I have two problems, I´m a little complicated with the problem , I know that it´s easy but I need just a little help. Are two problems

i) Suppose that the identity map $ i:X \to X $ is homotopic to a constant path, and the space Y is path connected, then the set of homotopy classes of maps of X into Y has a single element.

ii) Let $ p:E \to B $ be a open covering , B connected. Show that if for some $ b_0 $ we have $ \left| {p^{ - 1} \left( b_0 \right)} \right| = k\,\,\, $ then for every b we have $ \left| {p^{ - 1} \left( b \right)} \right| = k $

My try:

i) Im not sure if this is ok, but i "proved" that any path $ f:X \to Y $ is homotopic to a constant map, and this implies that Y is simply connected. But i did not used the fact that Y is path connected, I think that something that I did, is wrong. Let f be a path from X to Y. Since the identity in X is nulhomotopic, then there exist a homotopy $ F:I\times X \to X $ such that: $ \eqalign{ & F\left( {0,x} \right) = i\left( x \right) = x \cr & F\left( {1,x} \right) = k_0 \in X \cr} $

Then the homotopy $ H = f \circ F:I\times X \to \,Y $ "deforms f to a point " since $ \eqalign{ & H\left( {0,x} \right) = f\left( x \right) \cr & H\left( {1,x} \right) = f\left( {k_0 } \right) \in Y \cr} $

For ii) I suppose that the set of elements such that its preimage is "k" (for every k ) elements must be open, but I´m not sure if this is true, if this is not true, I have no idea , How to do the problem.

Help please Dx


For (i) you've done a lot of the work, but some care is needed. You have indeed shown that any $f\colon X \to Y$ is homotopic to a constant map, but if $Y$ is not path connected then there may be different constant maps from $X$ to $Y$ that are not homotopic. As a silly example, consider the space of maps $\{x\} \to \{y_1, y_2\}$, where these finite sets have the discrete topology.

So, picking up from where you leave off and using that homotopy is an equivalence relation, suppose we have constant maps $f, g\colon X \to Y$. As $Y$ is path connected, there is a path $\gamma$ from $g(k_0)$ to $h(k_0)$. Use this to construct a homotopy between $f$ and $g$ (At this stage, $X$ does not play a significant role).

I would also avoid thinking of these maps $X \to Y$ as paths.
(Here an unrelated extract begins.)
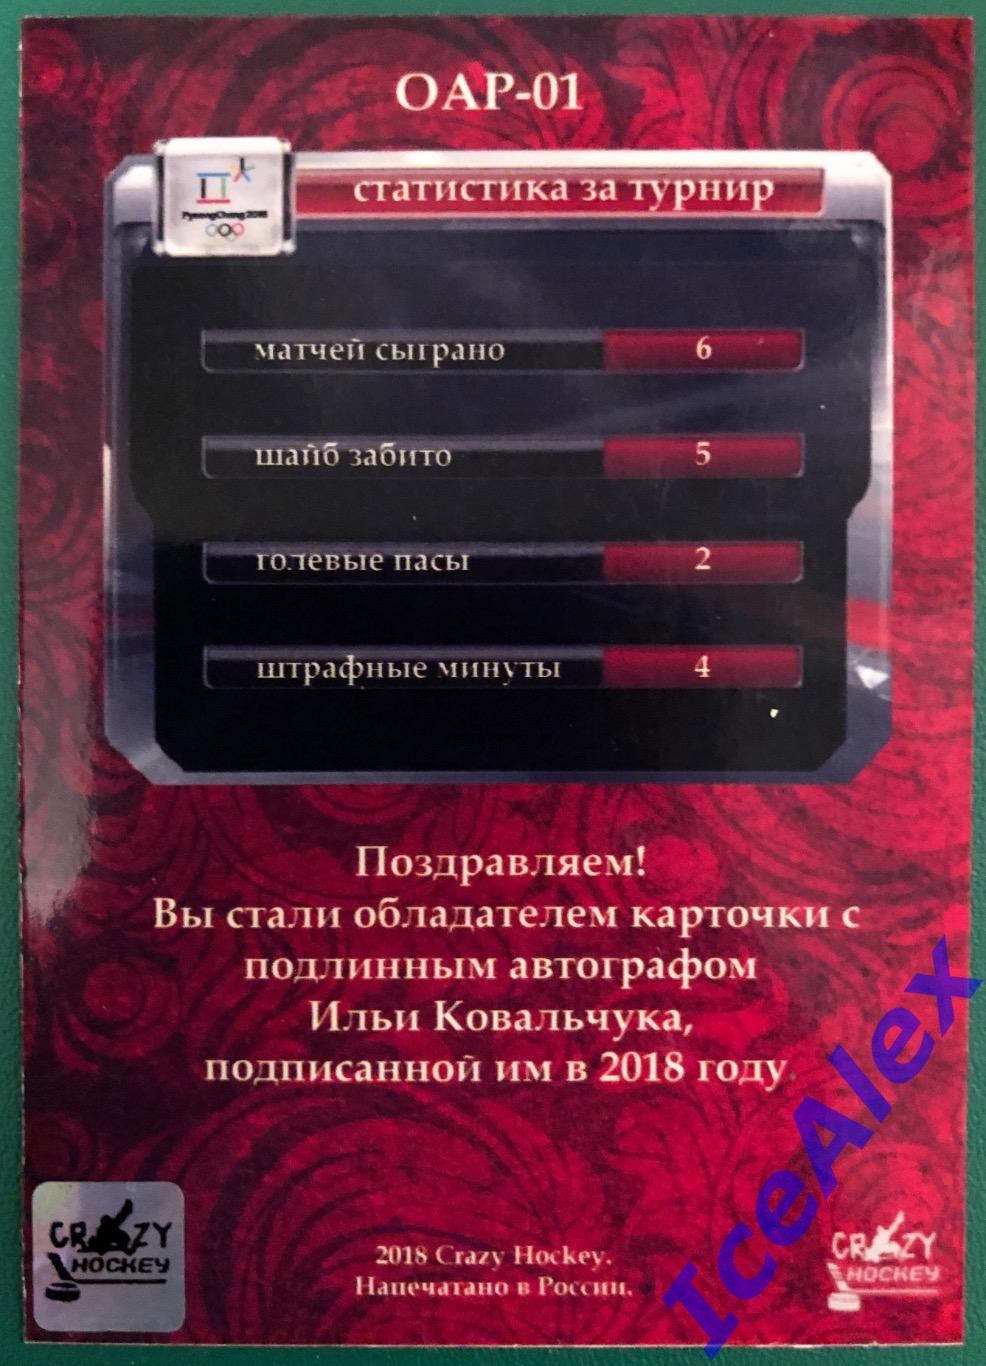 2018 Crazy Hockey, олимпиада Пхенчхана, России, автограф,#ОАР-01, Илья Ковальчук 1
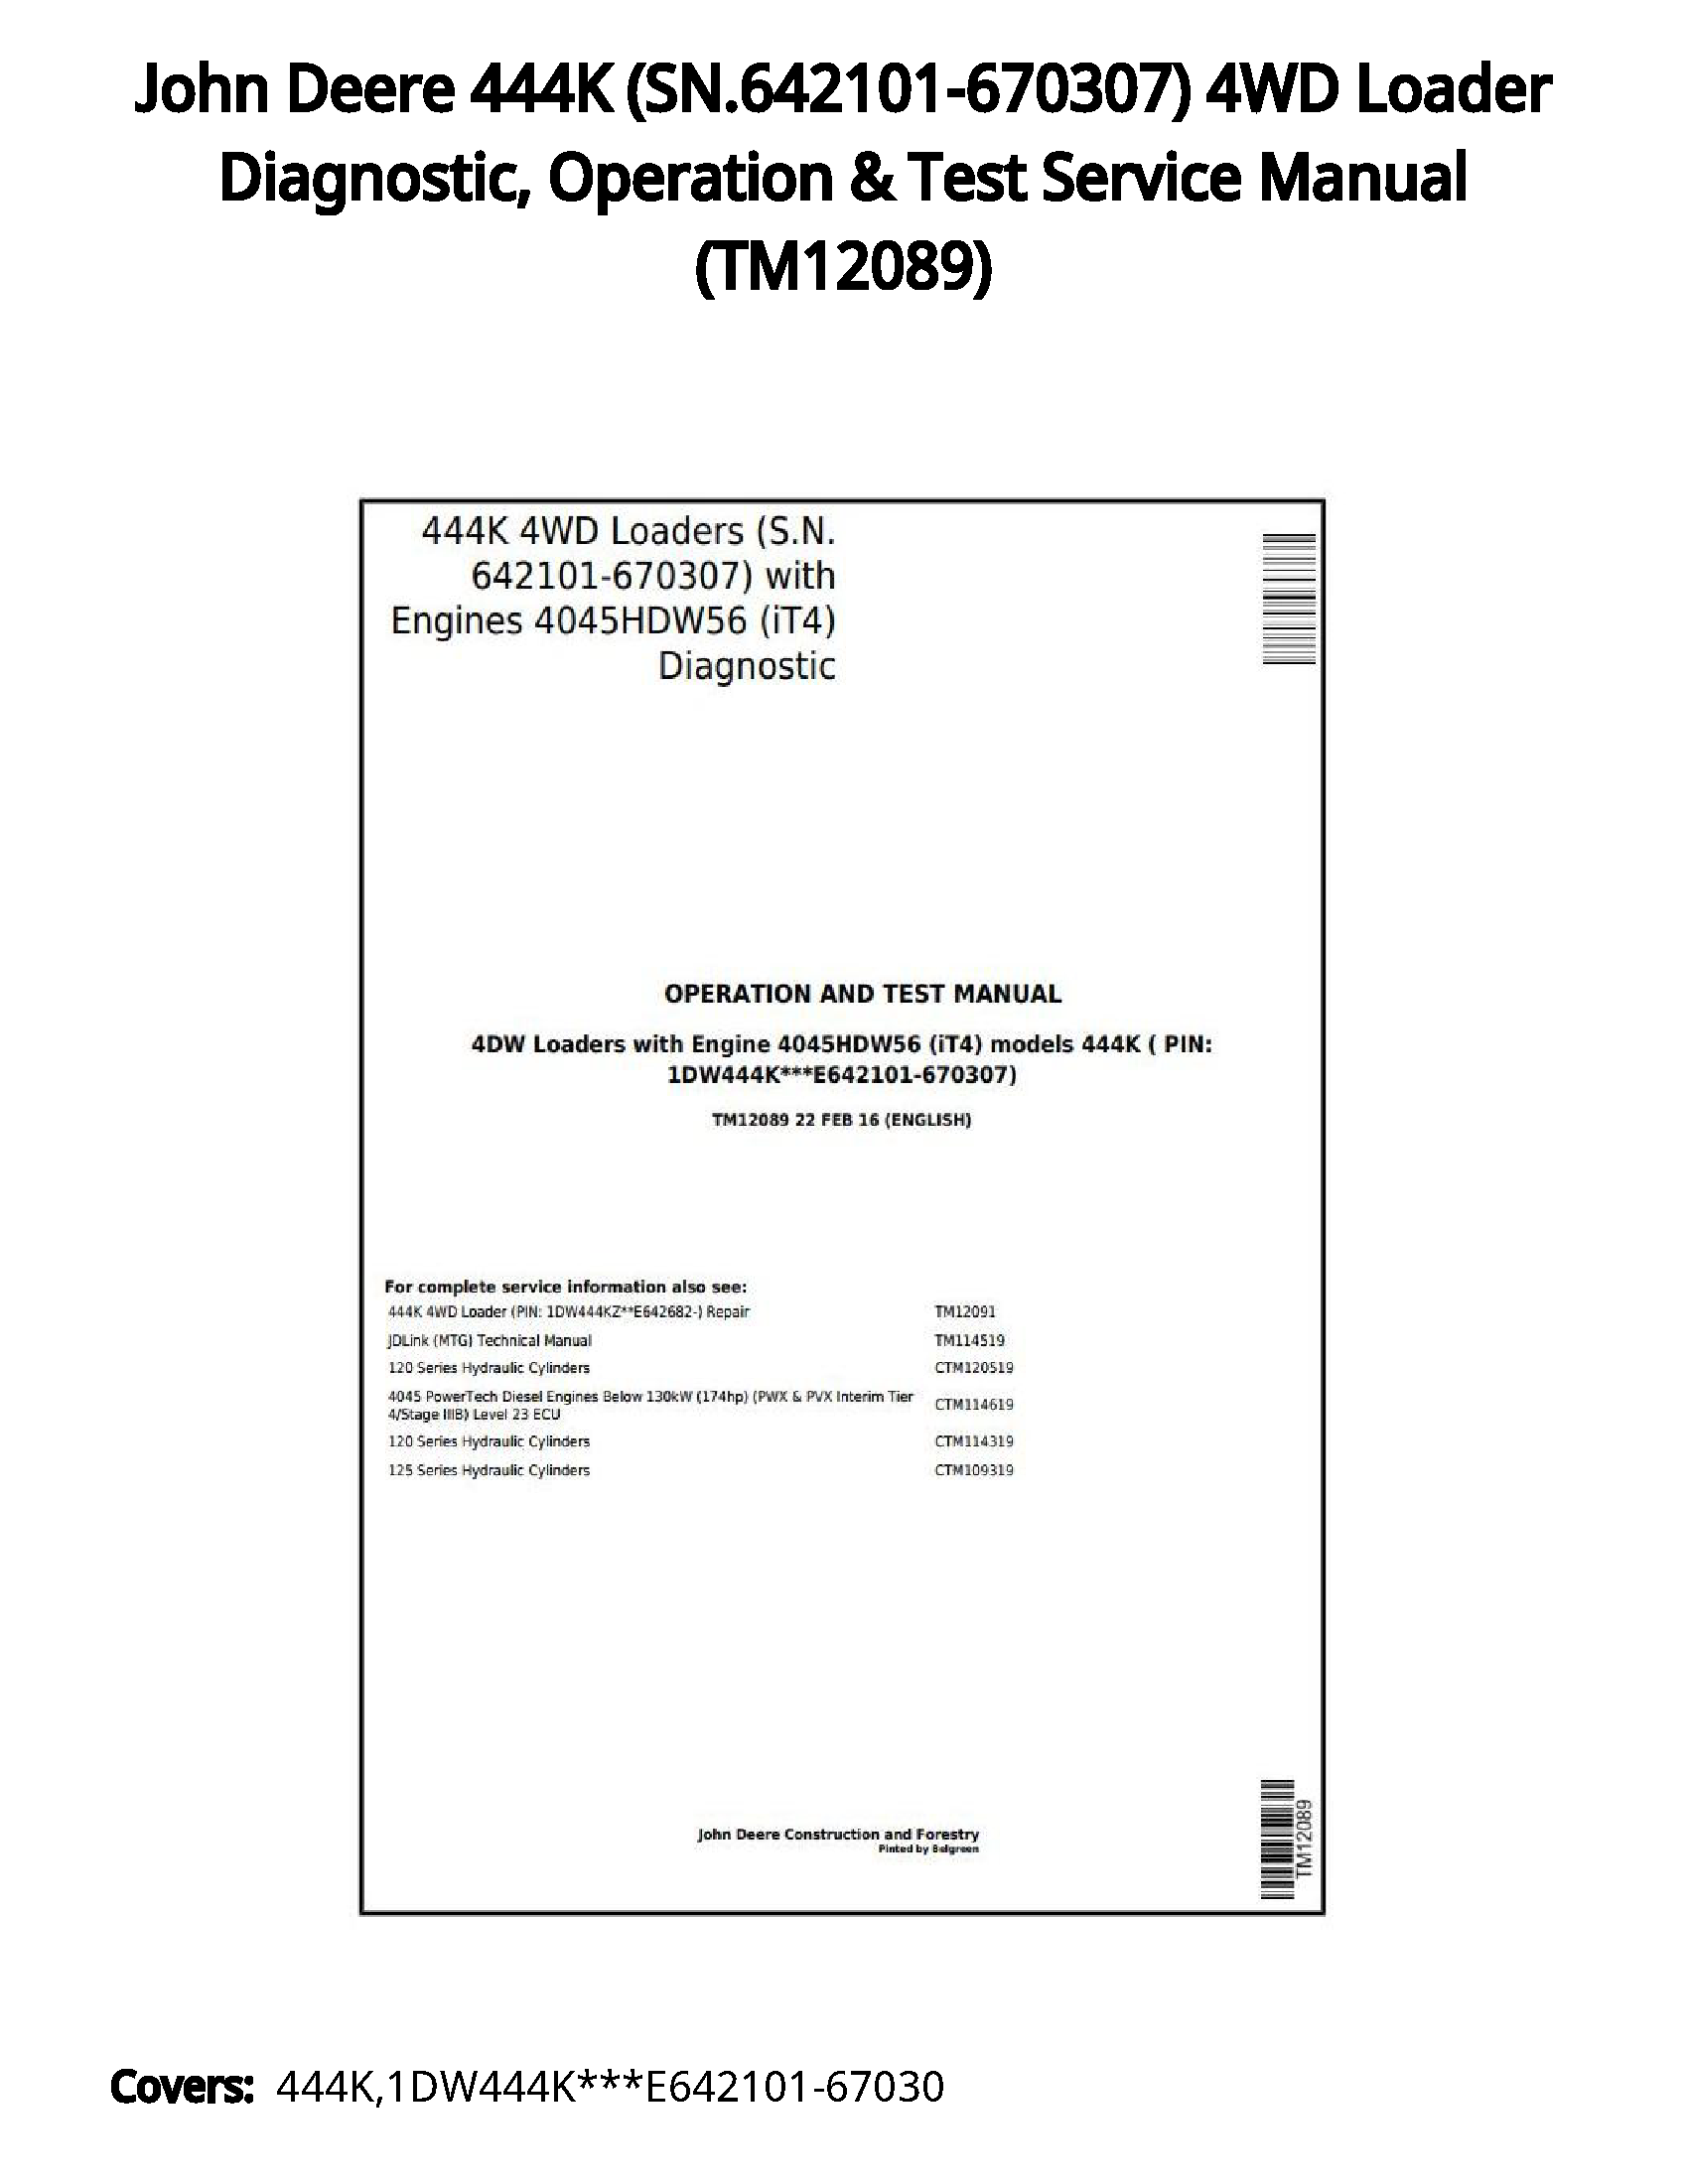 John Deere 444K (SN.642101-670307) 4WD Loader Diagnostic  Operation & Test Service Manual - TM12089

A path in $Y$ is a map $S^1 \to Y$, and $S^1$ is not nullhomotopic. So you certainly can't conclude that $Y$ is simply connected, and indeed that need not be the case.

For (ii), I think you have the right idea; you just need to make an argument. Take an open neighborhood $U$ of $b$ such that $p^{-1}(U)$ is a disjoint union of $\{V_i\}_{i \in I}$, each $V_i$ mapping homeomorphically onto $U$. If $b'$ is another element of $U$, then define a map $\Phi\colon p^{-1}(b) \to p^{-1}(b')$ as follows. If $e \in p^{-1}(b)$, then $e$ is an element of $V_i$ for some (unique) $i \in I$. Show that there is a unique element $e'$ of $V_i$ such that $p(e') = b'$. Set $\Phi(e) = e'$, and show that this is a bijection.

It follows that if $p^{-1}(b)$ has $k$ elements, then so does $p^{-1}(b')$ for $b'$ in an open neighborhood around $b$. You can say something similar if $p^{-1}(b)$ does not have $k$ elements. Now use connectedness.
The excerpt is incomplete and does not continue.